The Power in the Process
By Terre Seuss
Often times, we are frustrated with our therapy. Whether it be
individual therapy, or group support, we find ourselves expecting things
that never seem to come. Often, in groups, it is hard to make sure that
everyone is heard, and every issue raised is dealt with. Whether we are
a therapist, or a survivor, each of us, at some point in time get's a
taste of that from the "seeker's" side. I don't want to minimize the
frustration, but let me start with a few comments about groups and
therapy in general. Most of this I'm sure you know, but I found, as I
was going through some of the worst parts of my own process, some of
these concepts alluded me.
Any kind of therapy, group, individual, art, occupational, physical,
etc. is designed to give the recipient a sense of mastery over
themselves, either emotionally and physically; sometimes both.

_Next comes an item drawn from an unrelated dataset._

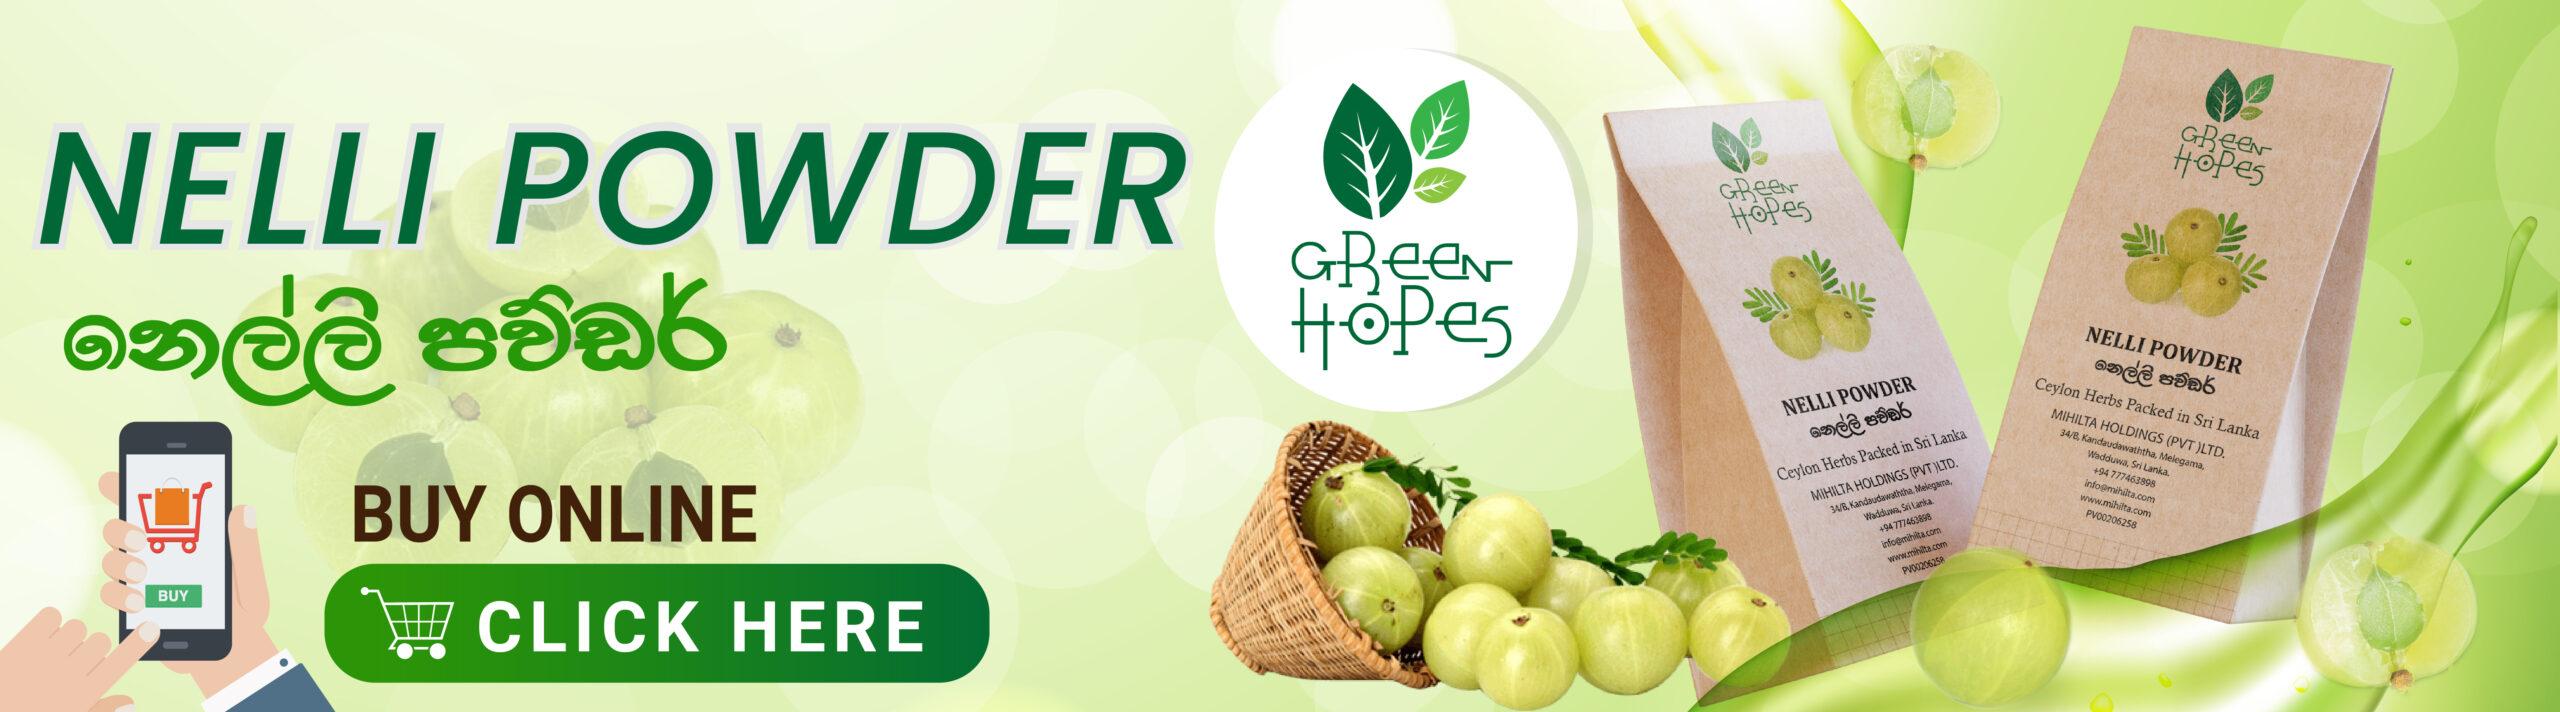 Greenhopes-Amlapowder

Therapists, group leaders and peer participants take on various roles
throughout the process, and while this may be a hard concept to fathom,
the roles are fairly interchangeable. Meaning that even the most
dysfunctional or hurting "survivors" take on the "therapist" or "leader"

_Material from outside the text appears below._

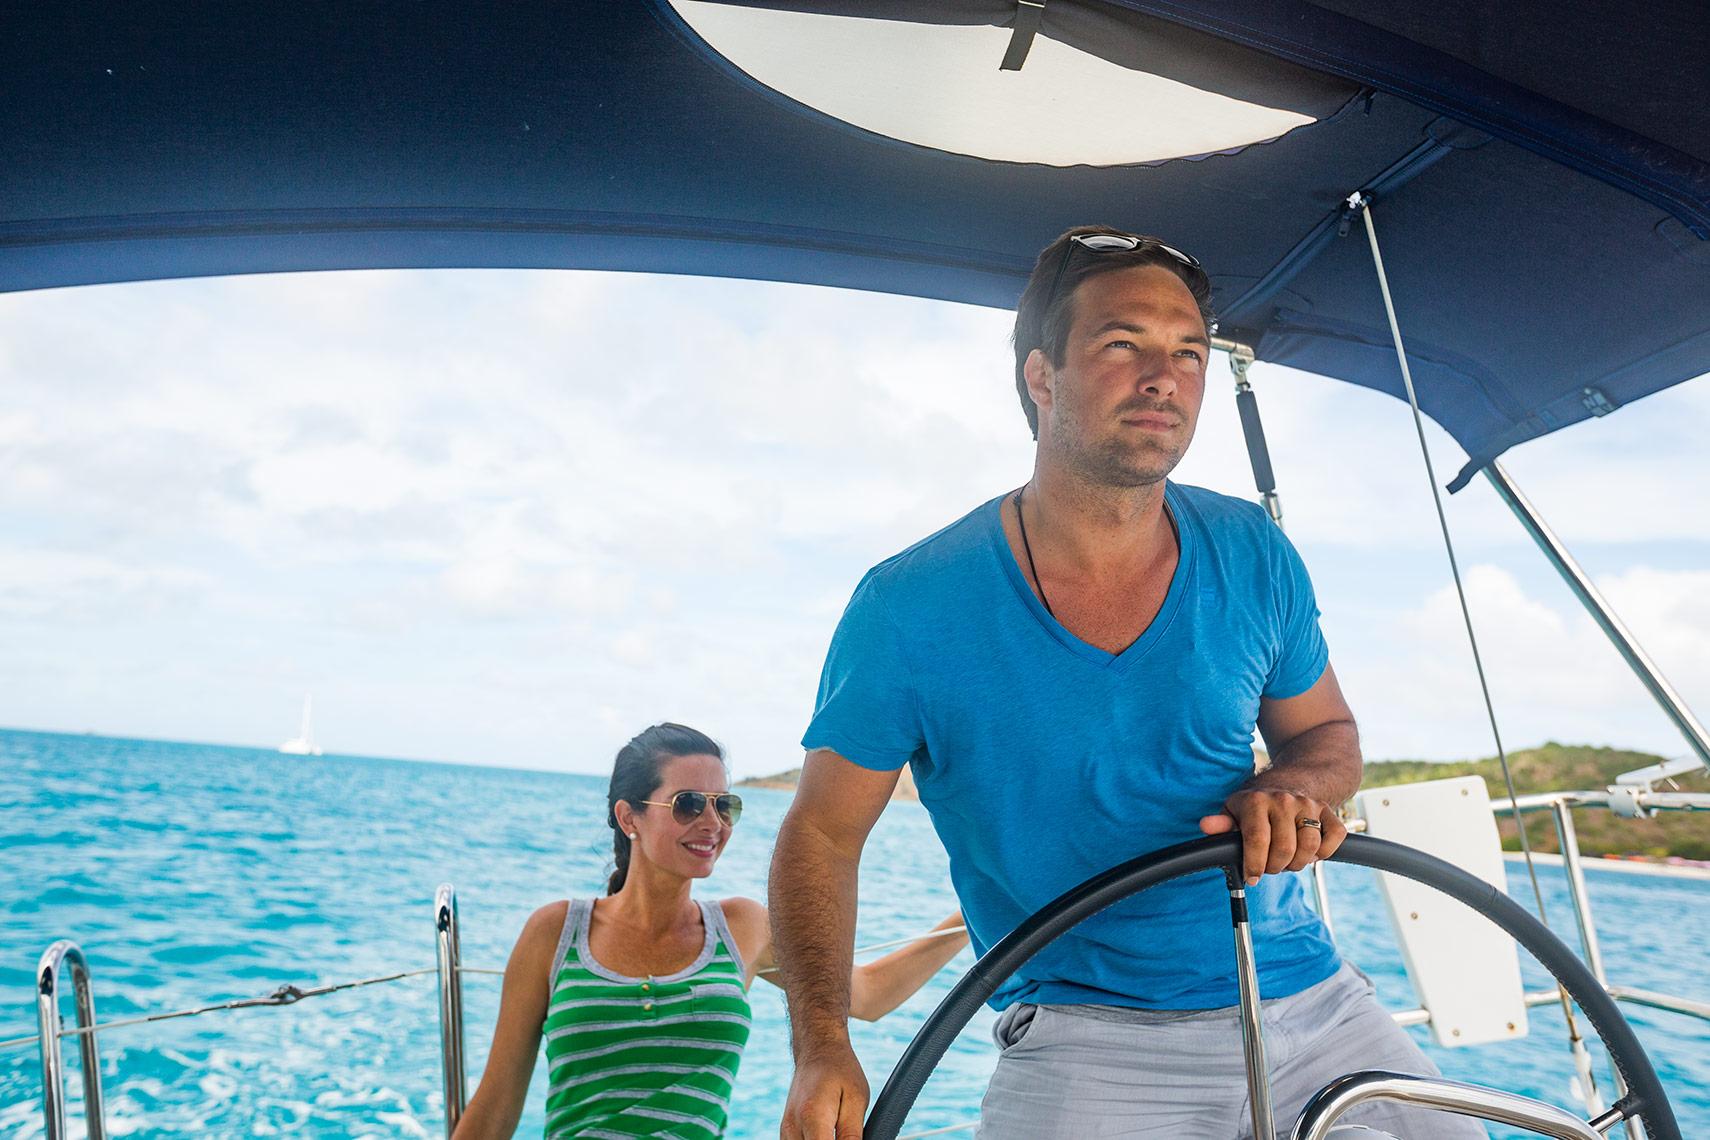 Day4_Souhka453_Sailing_OnBoat_NorthSound_Moorings_0236_r1_FLAT.jpg

(helper) role in the process. This happens in individual therapy as
well, but is often harder to see. Therapists will also attest to the
fact, that they themselves often become the receivers, learning about
themselves and others each time they share healing with a survivor. We
each become "helpers" and "seekers". In my mind, I see this as a very
magical arrangement, filled with endless possibilities. But it can also
make for some anxiety about the process itself.

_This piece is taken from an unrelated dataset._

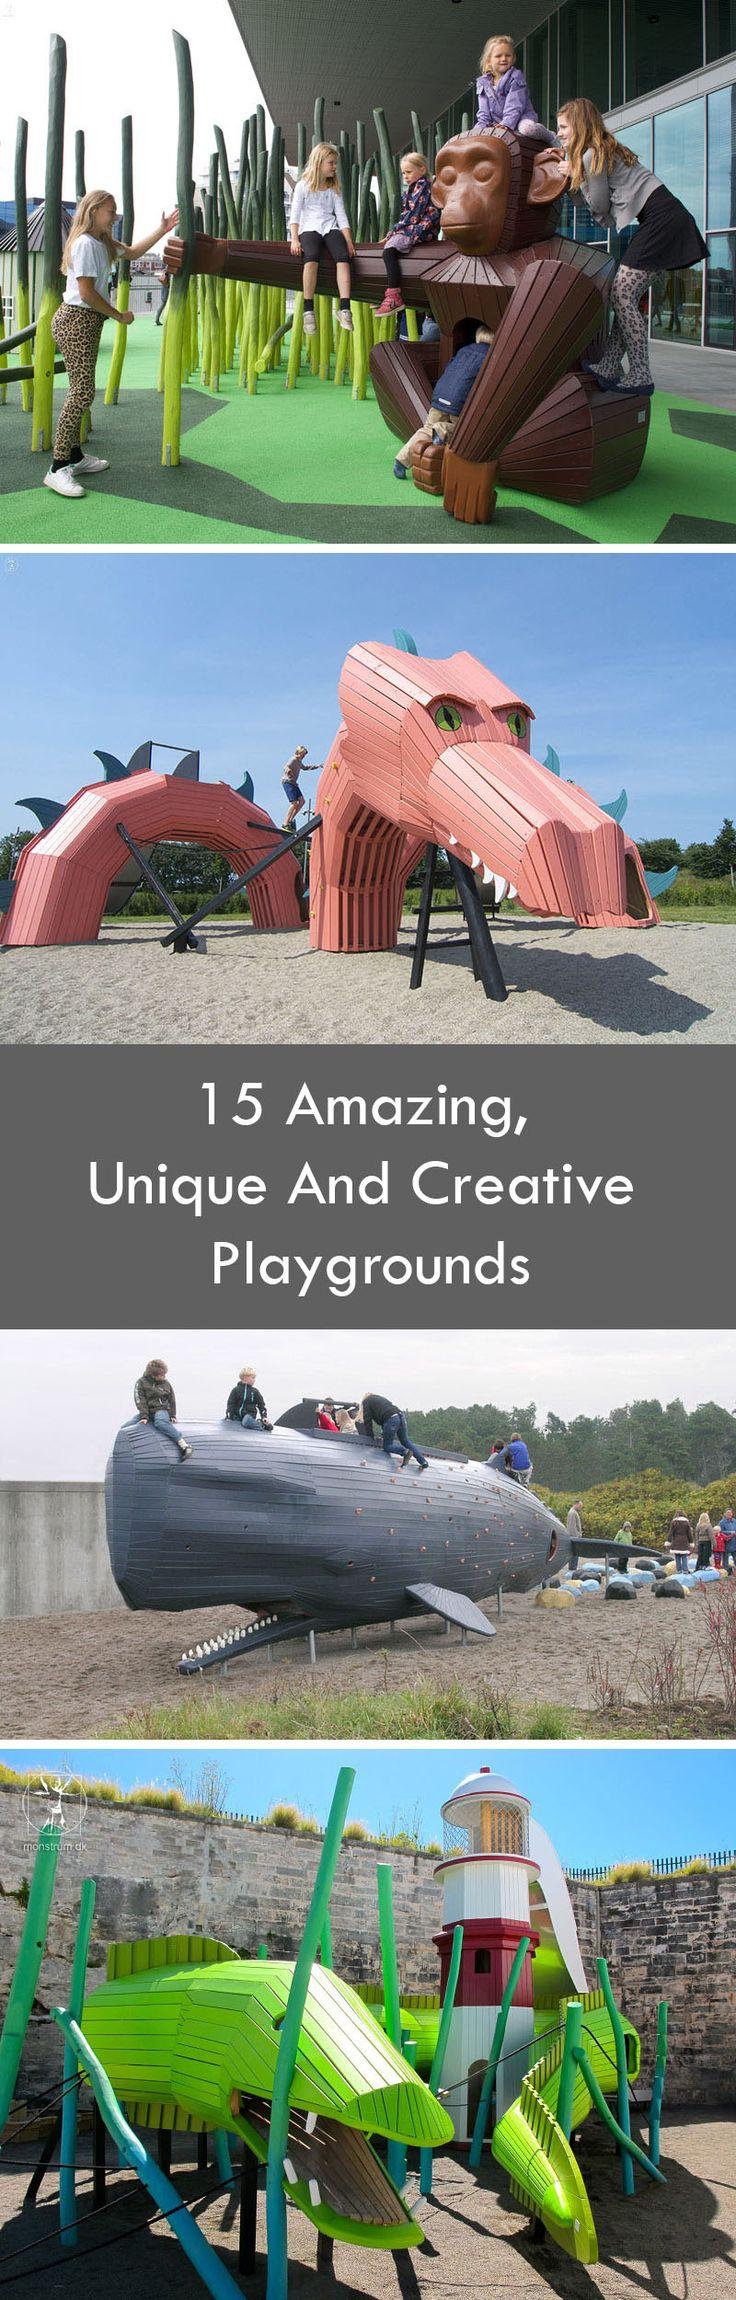 15 Amazing, Unique And Creative Playgrounds

Having our needs met in either group or individual therapy is, I
believe, is directly proportional to our own understanding of how
therapy works. Any kind of therapy, is solely dependent upon the
"seeker's" willingness to explore themselves, and their abilities, and
to stretch themselves to a higher expectation. The "helper's"
willingness to be with them, is a precious gift and an invaluable tool.
All therapy, regardless of how great the therapist or group, is almost
entirely self-dependent. Therapists and peer participants act only as
guides and nurturers. While many in therapy believe they could not
possibly attain healing without the therapist, or group, the bottom line
is that we each do it alone. Before you take off on "but the whole point
is not to be alone in this anymore", let me explain.
When I hear comments in a group, or a personal exchange with another
survivor such as "Let the therapist figure it out, that's what I pay her
for", I cringe. That in fact, is not what we pay them for. If it is, we
are definitely wasting our money . It is impossible for the therapist
to do this. All of the answers, no matter how difficult, come from
within. You already know the answers before you voice your concerns or
share your pain with the therapist. While you may not know how to find
them, or what to do about them when you do, they are in you.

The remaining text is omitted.